About this exercise: No pictures belong in the result; set down exactly the lines from the one containing "Opera Cheat Sheet | Houston Public Media" through the final line of the listing, and nothing more.

=== Material for this exercise ===

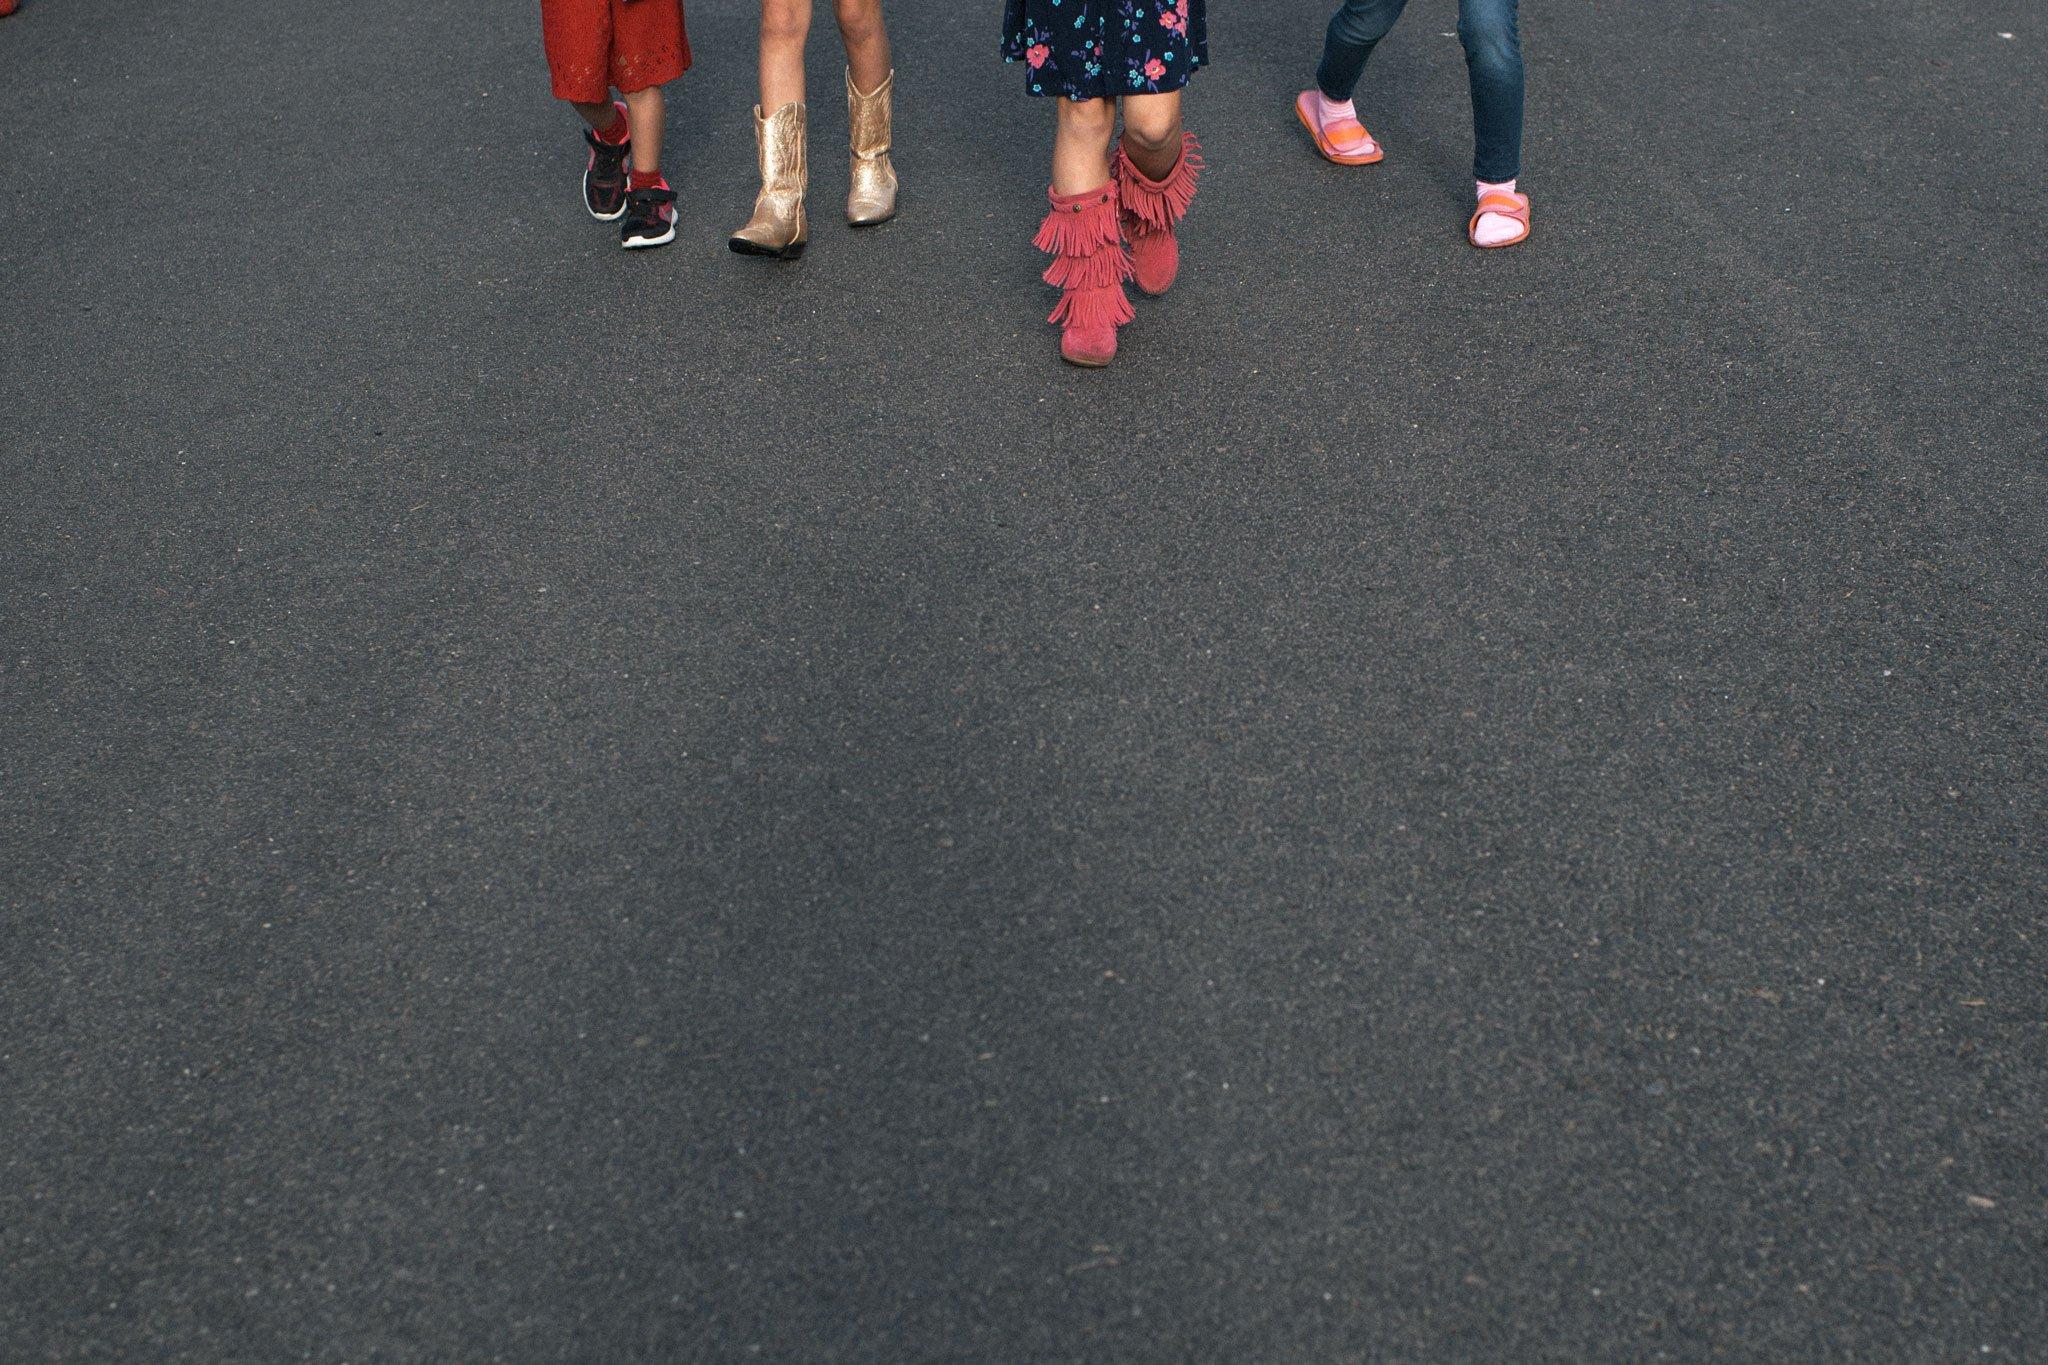 boy walking with girls
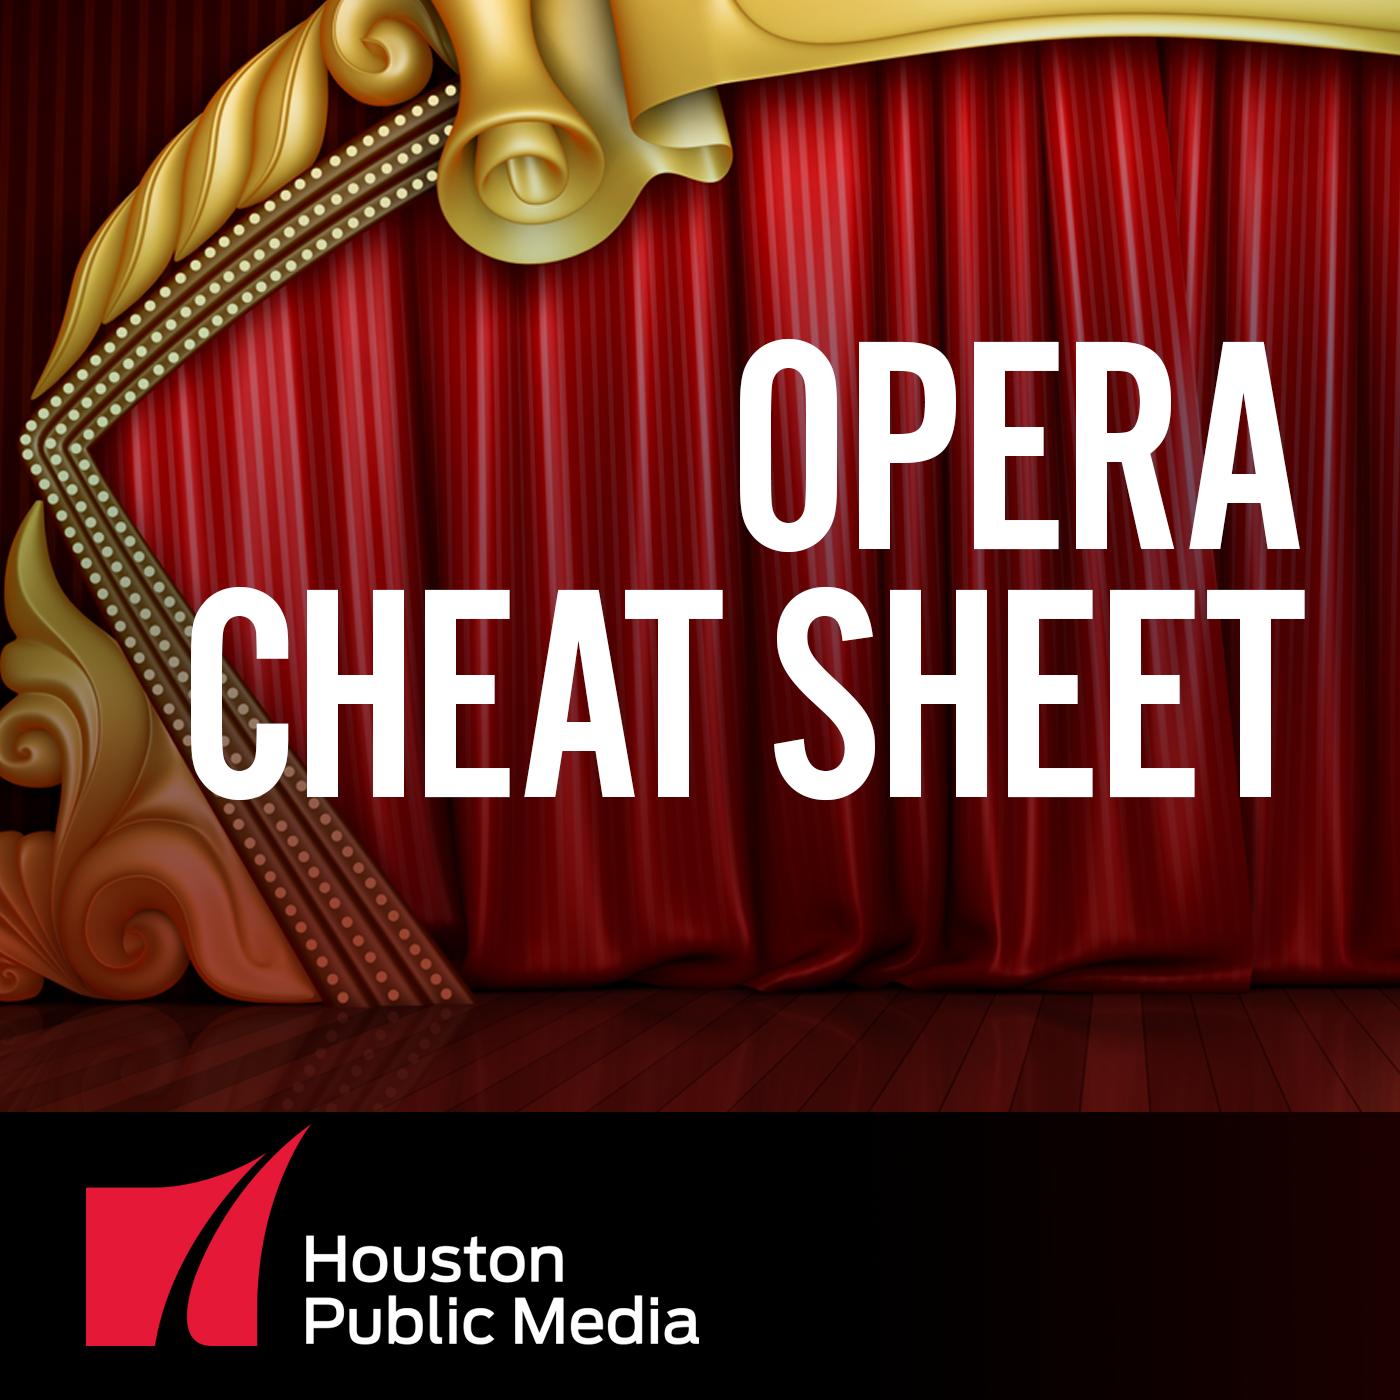 Opera Cheat Sheet | Houston Public Media
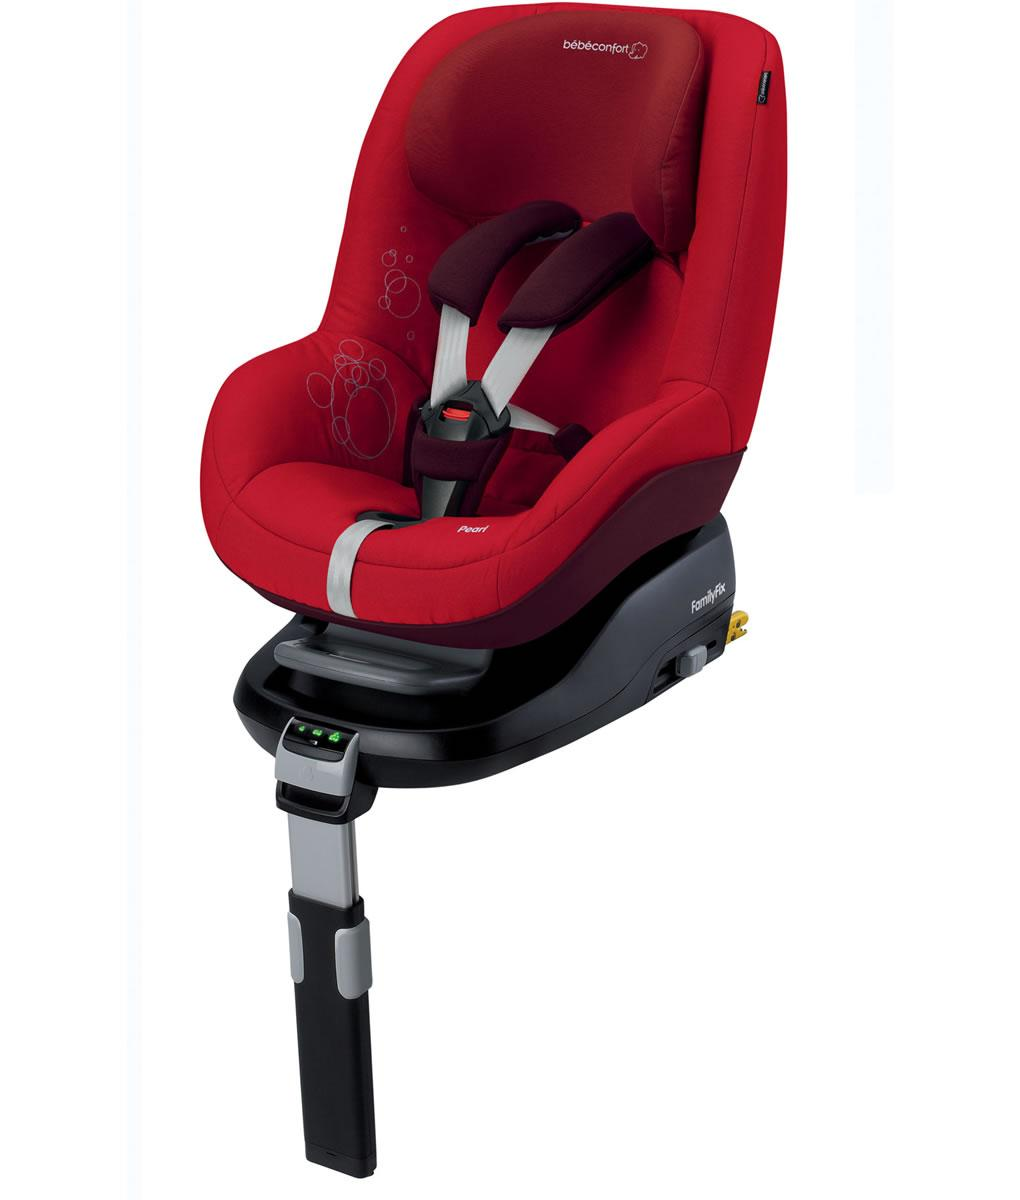 Foto silla grupo 0 pebble dress blue de bebe confort foto for Sillas coche bebe grupos
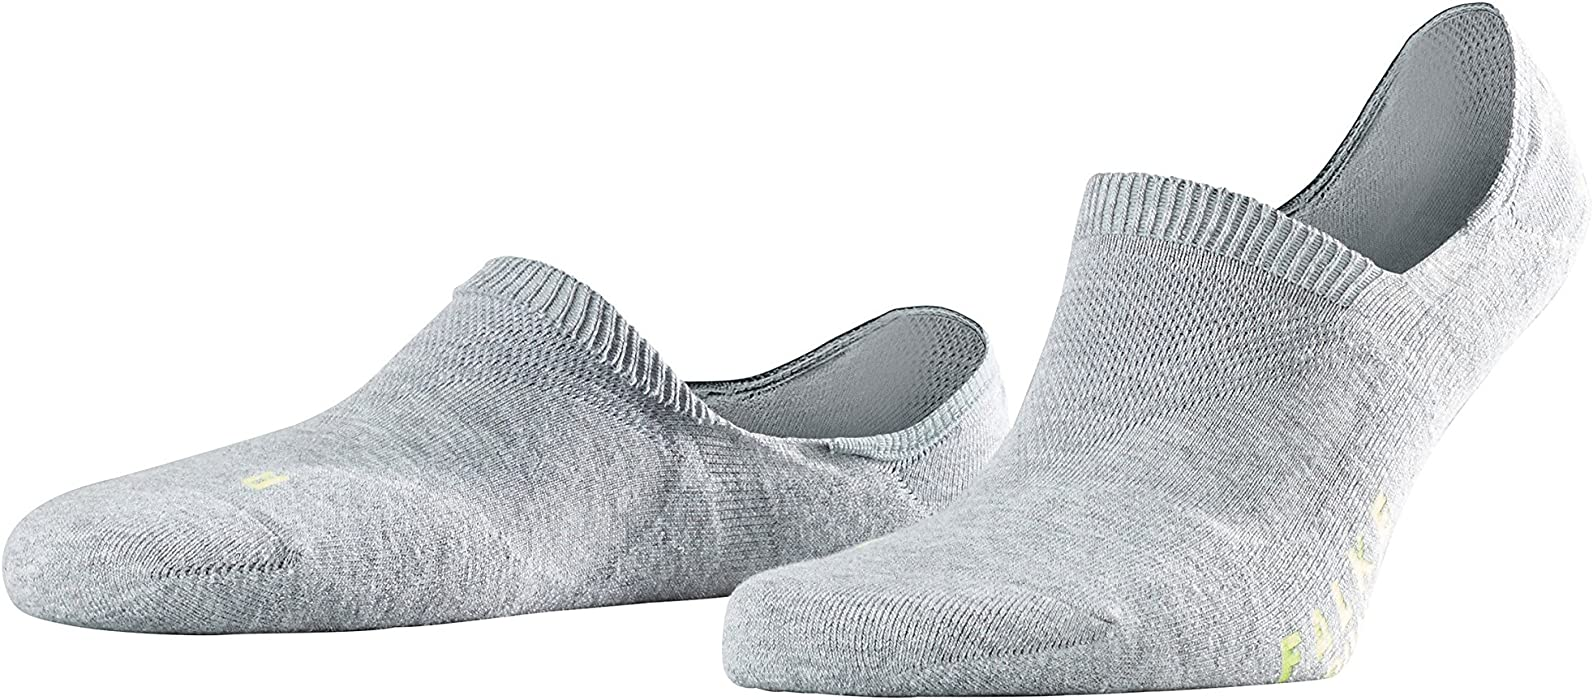 aanbod New York populaire winkels Men's Cool Kick Invisible Sock Sockshosiery, -Light Grey, Sock Size: One  Size/Shoe Size:6-12
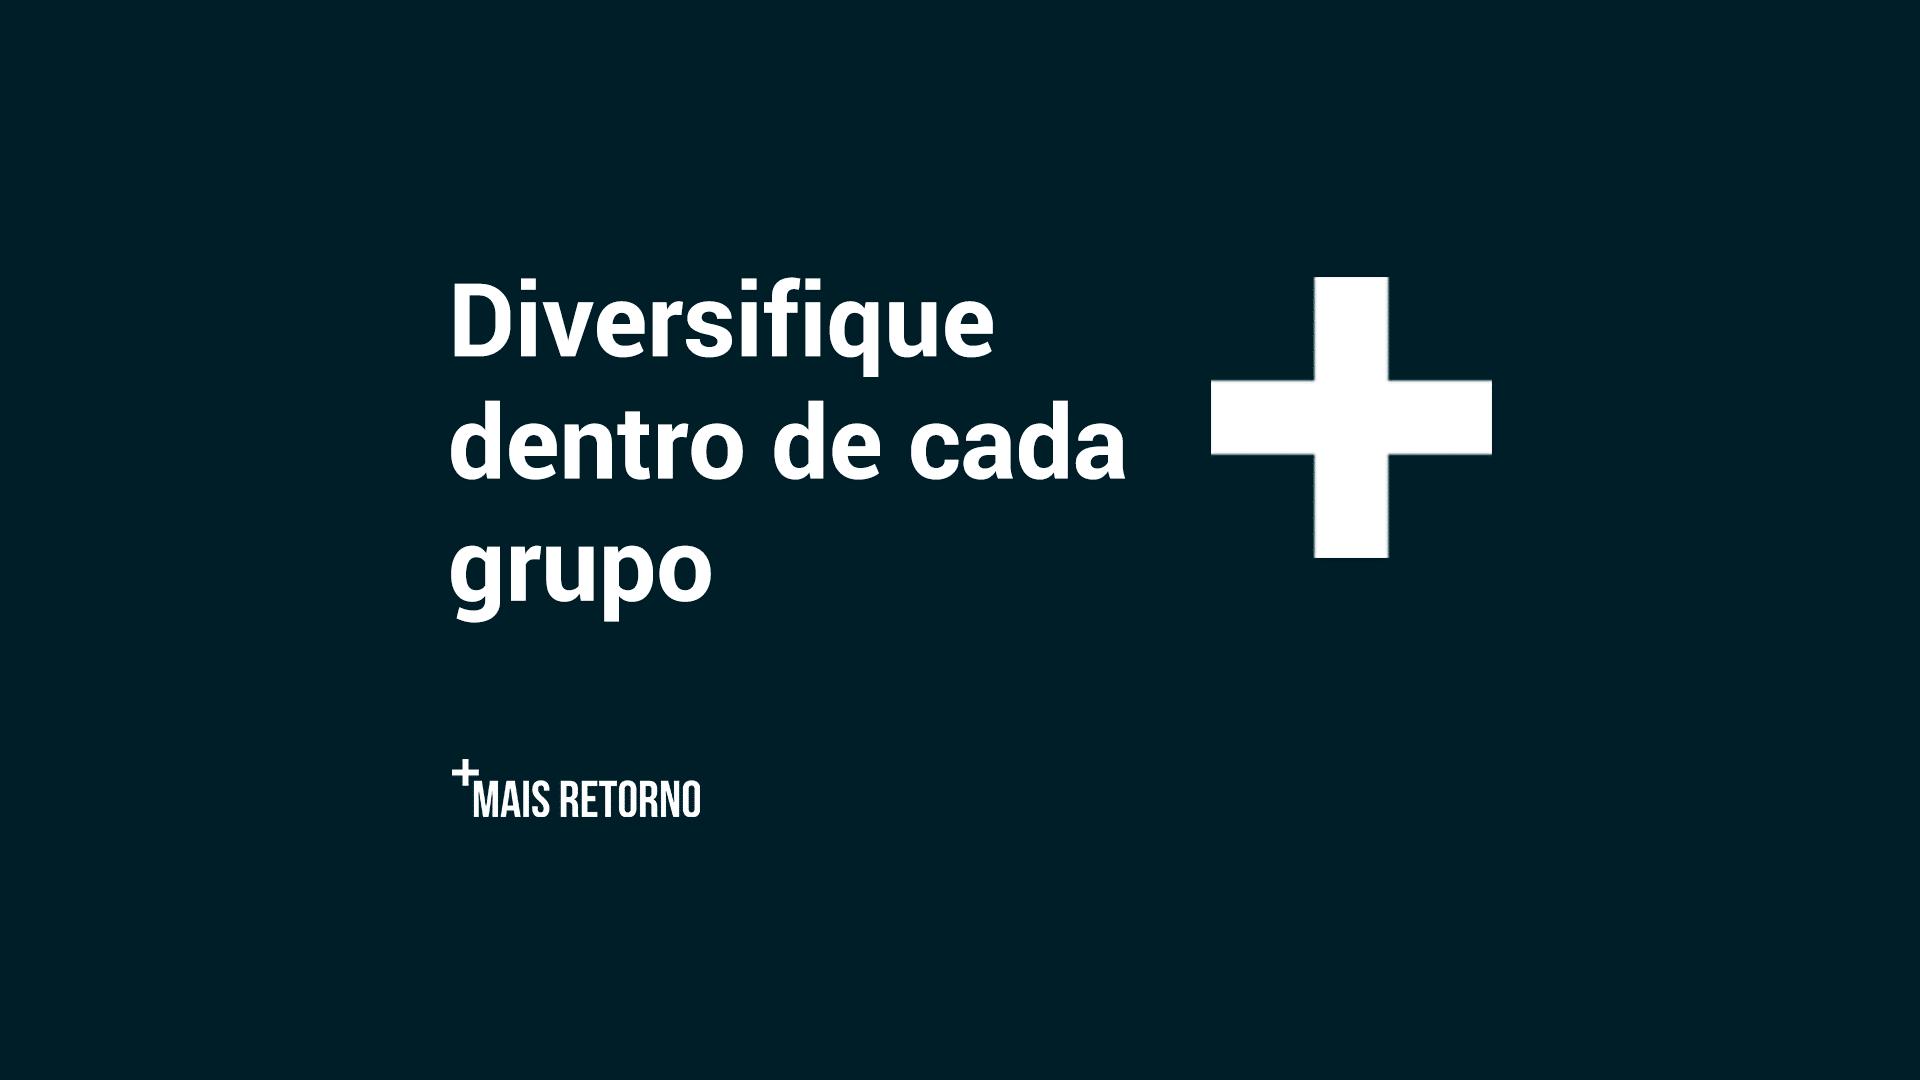 Diversifique dentro de cada grupo

===

Task solution:
 Opera Cheat Sheet | Houston Public Media
 Foto silla grupo 0 pebble dress blue de bebe confort foto for Sillas coche bebe grupos
 aanbod New York populaire winkels Men's Cool Kick Invisible Sock Sockshosiery, -Light Grey, Sock Size: One  Size/Shoe Size:6-12
 Diversifique dentro de cada grupo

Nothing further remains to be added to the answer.